In this particular case, the hypoxaemia was most likely caused by atelectasis (lung collapse), due both to the pre-existing pyothorax, and also packing off of the lungs by the surgeons during thoracic exploration and dissection. The hypercapnia was not indicated by the capnograph, and only detected on arterial blood gas analysis; this discrepancy between the ETCO2 and PaCO2 values was most likely caused by increased alveolar dead space. Alveolar dead space is created by well ventilated but non-perfused alveoli; these alveoli won’t participate in gas exchange with the blood since no blood is reaching the alveolus, and during exhalation, the content of these alveoli will “dilute” the CO2 coming from alveoli where gas exchange has taken place, resulting in a lower ETCO2 reading than the actual PaCO2. The acidaemia was a consequence of the respiratory acidosis (hypercapnia due to hypoventilation). The atelectatic areas of the lung were recruited by increasing the tidal volume and PEEP on the ventilator settings which would have helped to reduce the number of closed alveoli, thus improving oxygen and carbon dioxide exchange in these previously collapsed areas. In conjunction with the increased tidal volume, the increase in respiratory rate helped to further increase the minute respiratory volume of the patient, which contributed to resolution of the hypercapnia and the acidaemia. The use of PEEP during positive pressure ventilation (PPV) helps to maintain pressure in the airway during expiration, which will hold the lung in a semi-inflated state and can also help ‘open up’ previously collapsed alveoli to improve lung-oxygenating ability (Canfrán S, 2012; Hopper K, 2013). The downside of using PEEP is the risk of increasing the peak airway pressure, which can contribute to barotrauma (pressure trauma to the lung), and compromise venous return to the heart, which can reduce cardiac output, leading to hypotension. For these reasons, when utilising PPV with PEEP, it is imperative to intensively monitor both ventilation and haemodynamics (e.g. continuous spirometry, capnography, pulse oximetry, arterial blood pressure measurement and intermittent blood gas analysis if any concerns are raised) (Hopper K, 2013).

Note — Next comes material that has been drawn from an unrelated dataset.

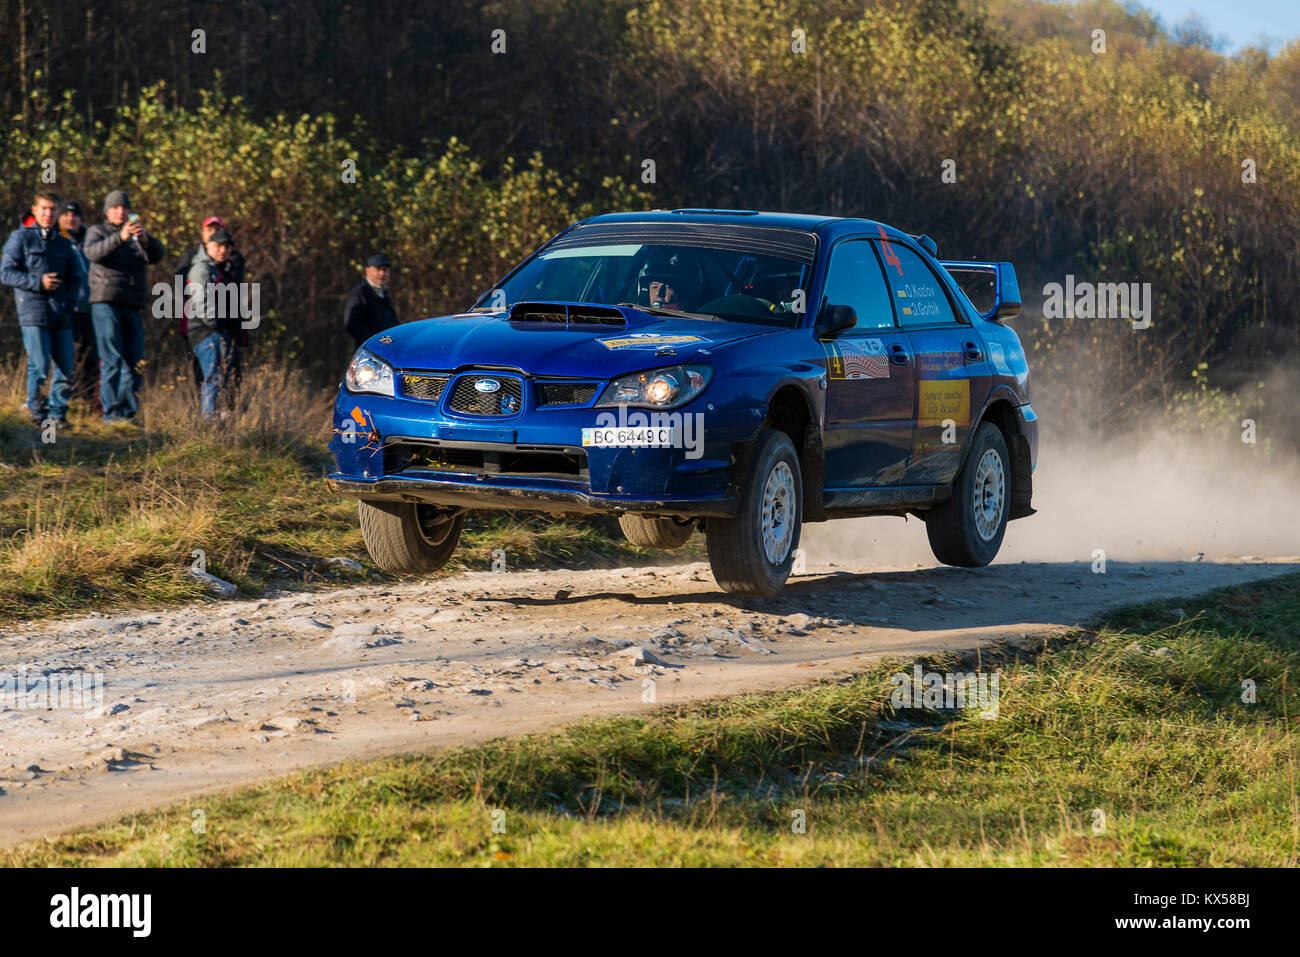 Lviv, Ucraina - 1 Novembre 2015: Alexander Kozlov la Subaru Impreza WRX STI compete al Rally annuale Galizia Foto Stock

Although this was a reasonably straightforward thoracic surgery compared to many that we perform at SCVS, it did throw up some challenges, necessitating clear and continuous communication between the Anaesthesia and Soft Tissue teams. Our ability to provide more complex modes of mechanical ventilation to facilitate adequate oxygenation, as well as having access to invasive monitoring and arterial blood gas analysis, undoubtedly helped us achieve a successful outcome for Rex.